While recognizing the limitations of GIS (Boonstra 2009; Bodenhamer, Corrigan, and Harris 2010; Silveira 2014), it must be highlighted the capabilities of its spatial analysis, processing and data visualization tools, that has been particular useful in the context of urban history (Hillier 2010; DeBats and Gregory 2011; Baics 2016b). In recent years, the use of GIS for the study of cities and their retail trade (Beascoechea Gangoiti 2003; Mirás Araujo 2008; Bassols and Oyón Bañales 2010; Novak and Gilliland 2011; Baics 2016a) has enhanced the theoretical framework and the possibility of international comparative studies, which represented a definitive stimulus to the application of these methodologies to this case study.

slide_5

 

Collecting the data

The solution for the first challenge followed a close approach to crowdsourcing projects (Brumfield 2014; Causer and Terras 2014), using shared databases and collaborative work, a method already developed with excellent results in previous studies about literature and the evolution of urban space (Alves and Queiroz 2013). However, it is known that the use of crowdsourcing can be a lengthy process and not always easy to check on the quality of final results. Furthermore, it requires easier access to sources through digital copies because not all potential participants have availability or even competence for archive work. Finally it require an understanding of the historical context of the sources, in order to better transcribe them. In our case, the sources correspond to thick volumes of bound sheets, deposited in a municipal archive without major conditions for local consultation. There was also the problem of the quality of the data, given that we are talking about handwritten information sometimes difficult to read. In this sense, the use of a collaborative work, through volunteer history students with availability and sensitivity to archival work and knowledge of the historical context of the retail trade was decisive.

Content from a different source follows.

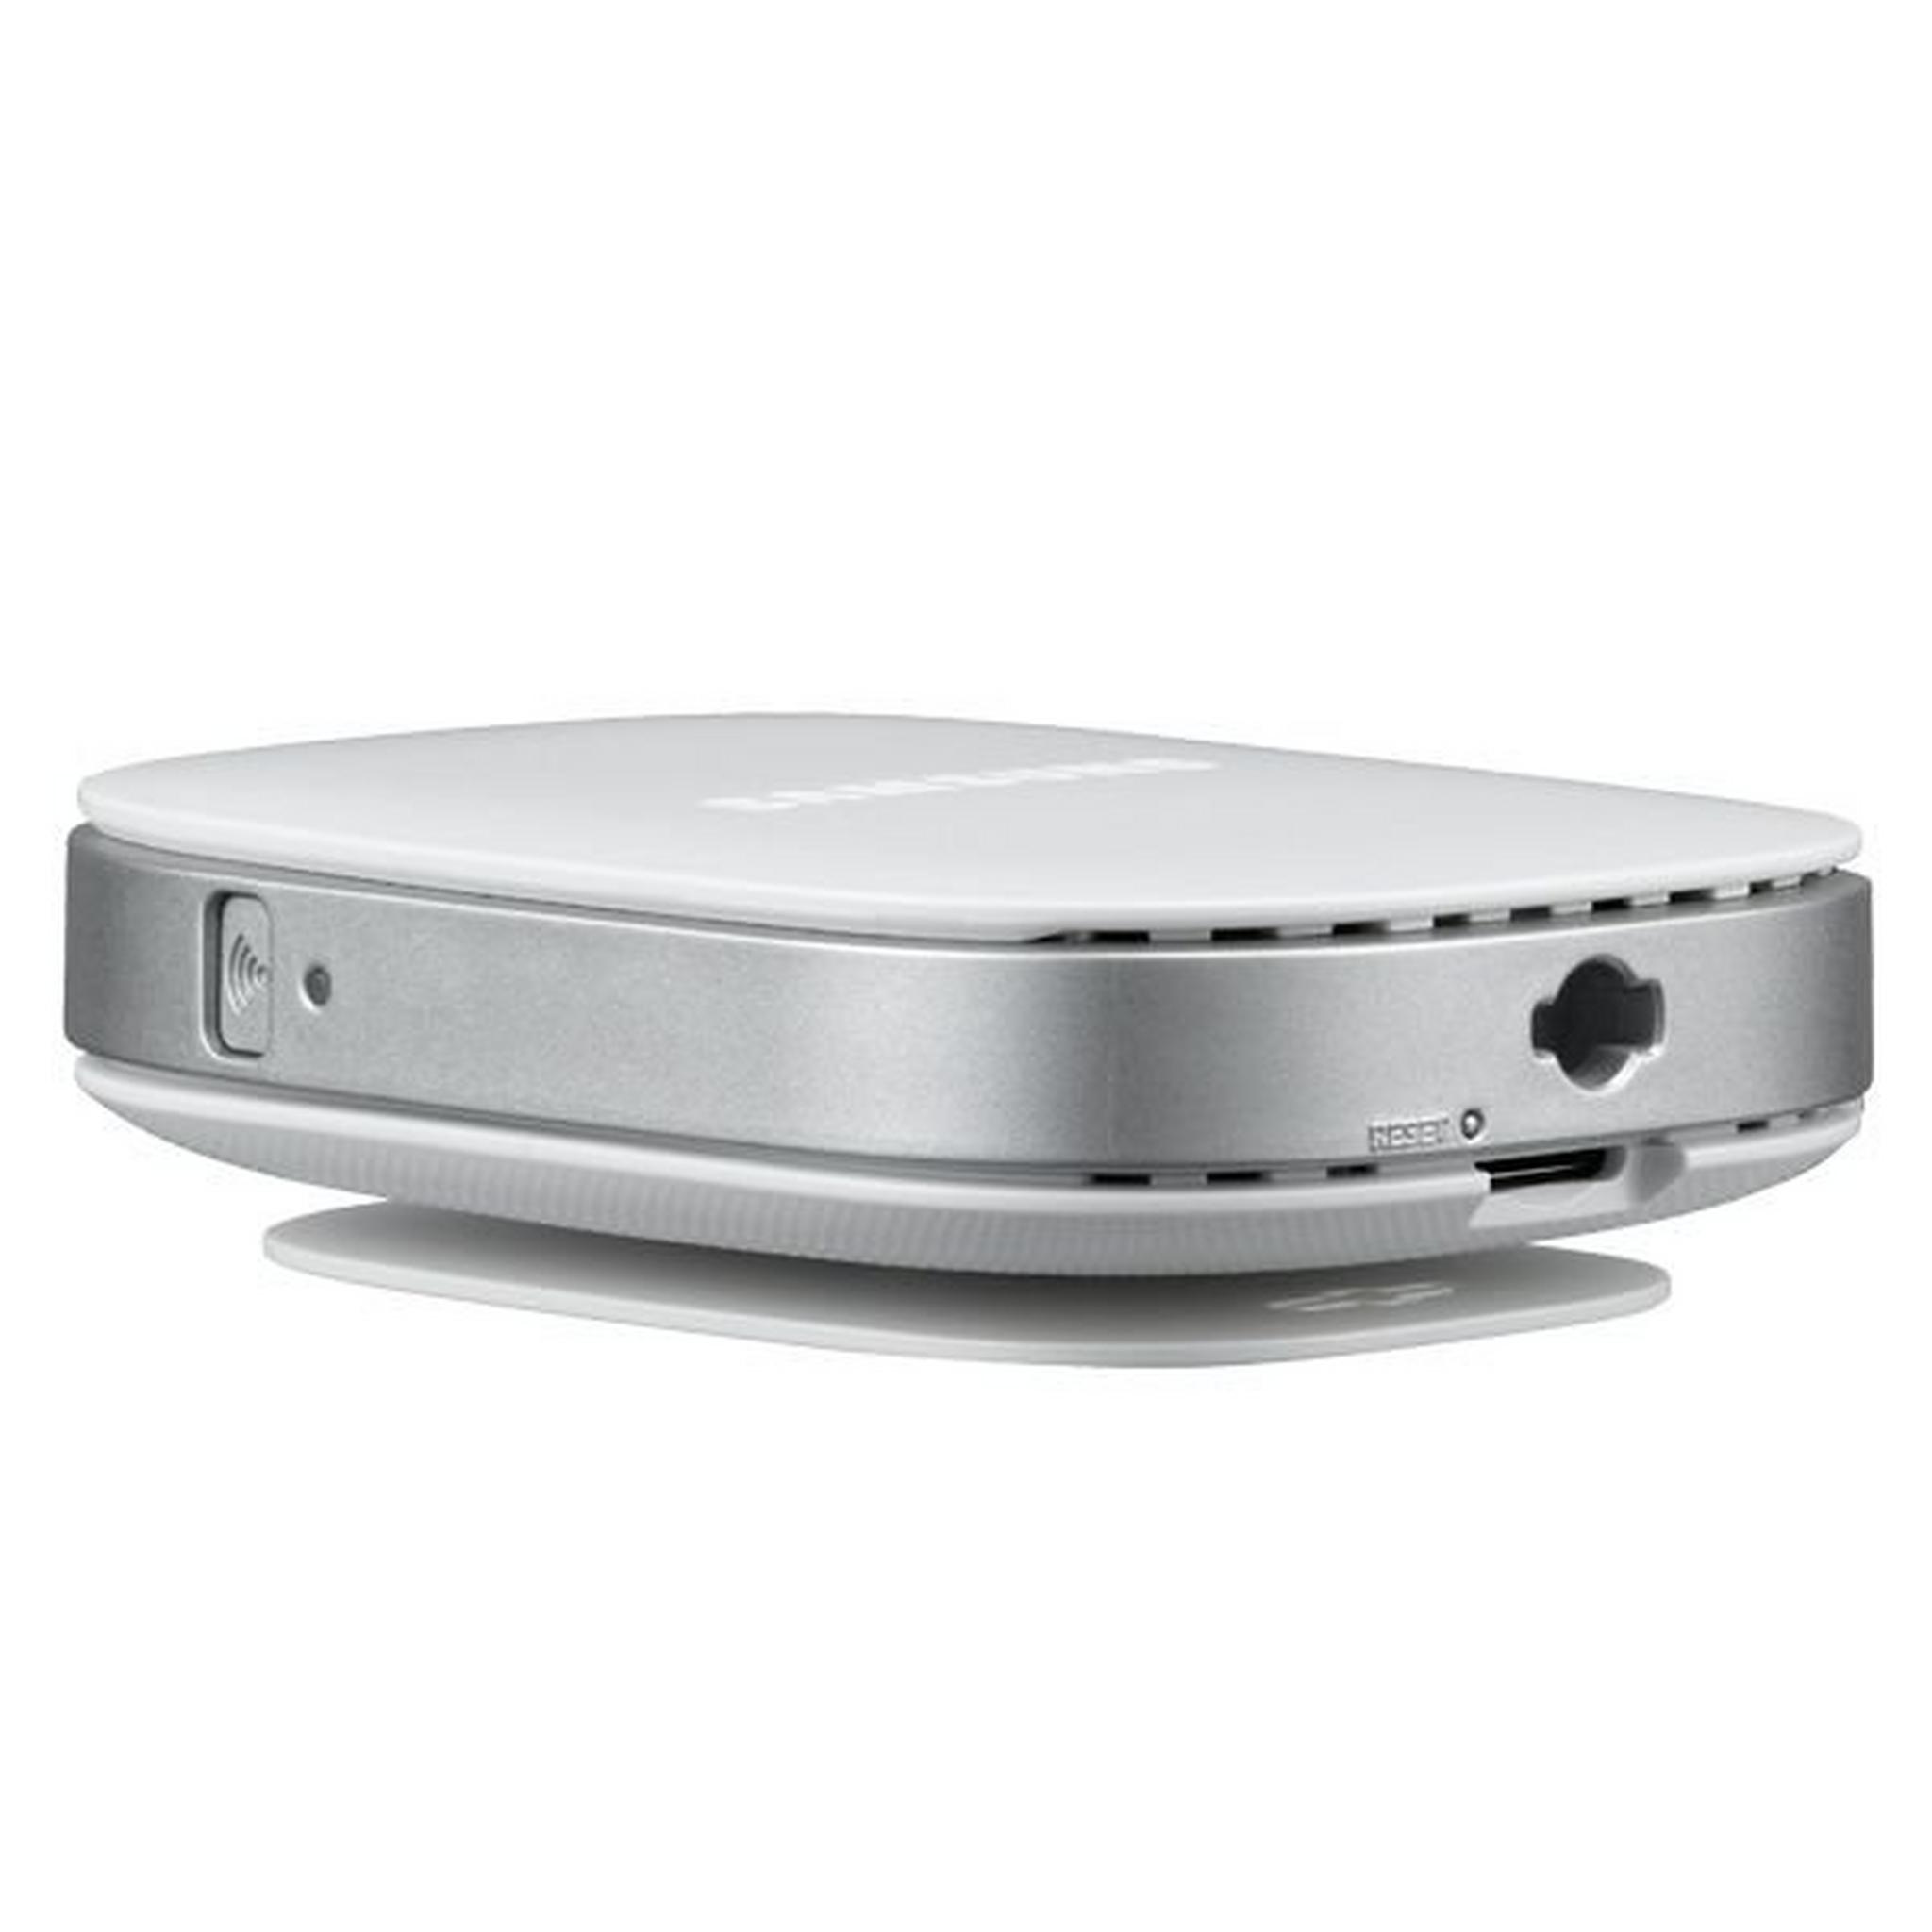 كاميرا المراقبة الذكية عالية الوضوح بتقنية واي فاي من سامسونج - أبيض (SNH-E6440BN)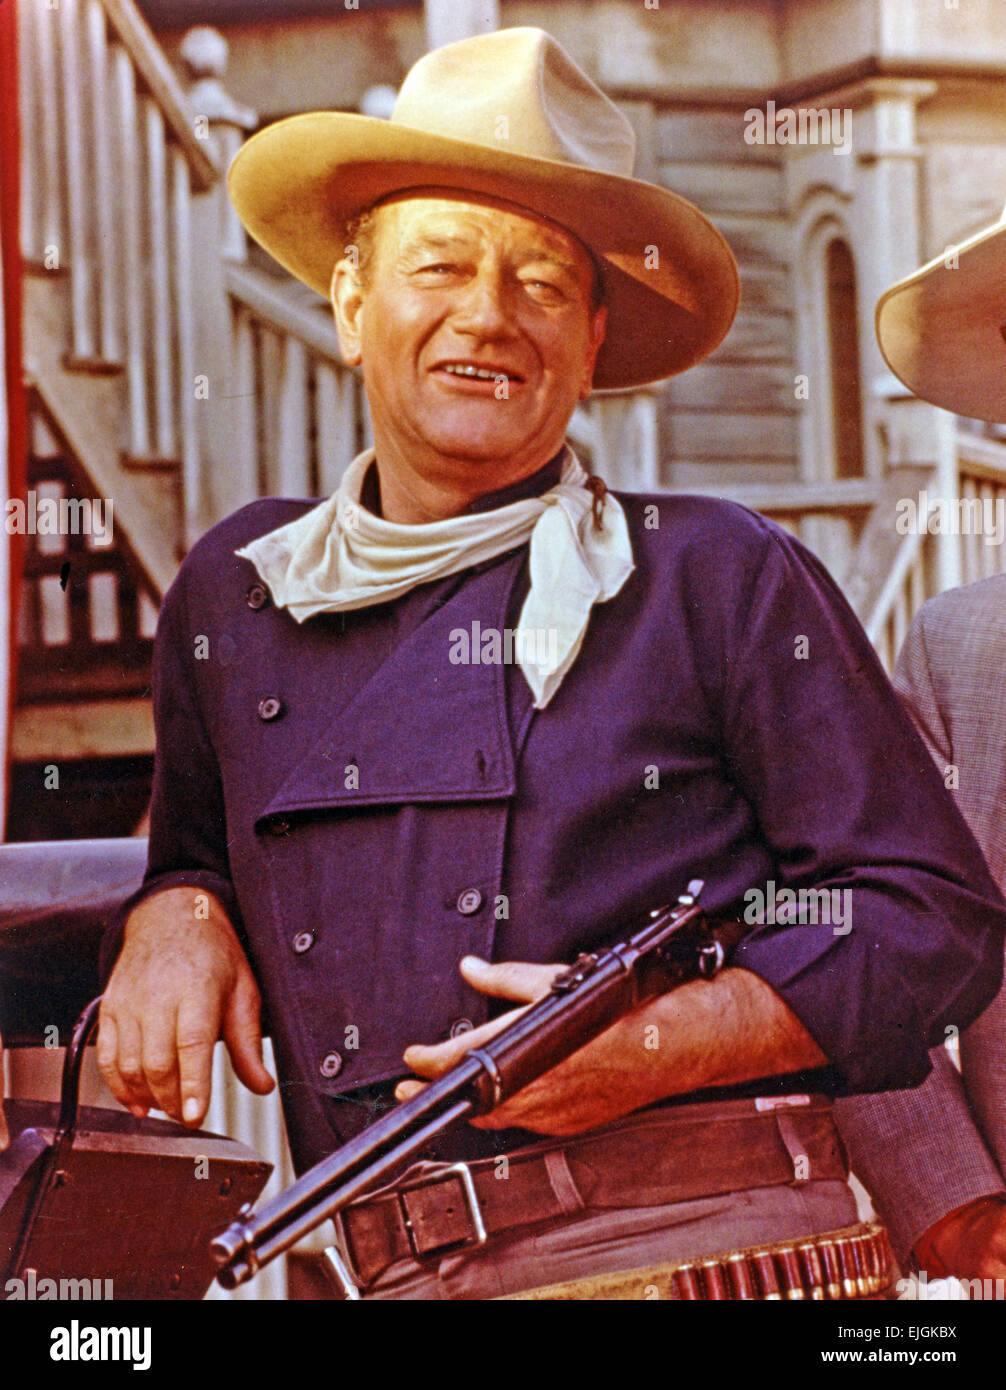 JOHN WAYNE (1907-1979) pellicola US attore famoso per i suoi ruoli in film western, circa 1968 Foto Stock

This data collection was made with a PostgreSQL database, shared with all students through ODBC, so that all data collected by one of the students become available for subsequent use by others. This process, already tested in other project with very good results (Alves and Queiroz 2015), saved up a lot of time in data collection and redundancies were avoided, because a new address or a new commercial activity detected by one of the students in the sources once registered in the database, was automatically available and could be used / selected by all the others. Even if the original record contained an error, because it was registered only once in the database (since the data model prevented duplicates) the validation task was also facilitated.

slide_7

 

Building the map and geocoding the data

The option for the second challenge went through the reconstruction of the existing streets network of the time, based on geo-referenced digital cartography and city directories. Thus an addresses’ database was created and, with slight adaptations on the geocoding algorithm of the GIS platform used, allowed for a success rate of around 90%.

The first and greatest of all the problems is related to the urban changes that the city has undergone over the last 120 years. On the one hand, strong population growth led to the expansion or changes in the corresponding urban area, even If we take into account just the three years analyzed. The city of 1890 is very different from the one in 1910, in the layout of the streets, in the expansion into new areas, construction or renovation of its buildings. On the other hand, Lisbon had the particularity to overcome, between 1890 and the present, four very different political regimes that have left a peculiar and deeply transformative mark in the city's toponymy. Even if the urban area was stable, only the change of street names over more than a century of profound political changes, would pose great challenges to an automated geocoding process.

For this there was first the need to rebuild the streets network of the time, trying to recreate the map of Lisbon of the Belle Epoque. This map was fixed for 1890 and then it was possible to apply the normal geocoding techniques, adapting either the collected data source, or the software algorithm used, in order to overcome difficulties so small, but so significant in the final results, such as the fact that the software was incapable to deal with some Portuguese names and characters or to recognize certain types of streets that were used at the time but ignored or underused today. Or the fact that the names of some streets are identical or very similar in different areas of the city. This was an iterative process of trial and error so as to refine the best model data that maximizes the results obtained.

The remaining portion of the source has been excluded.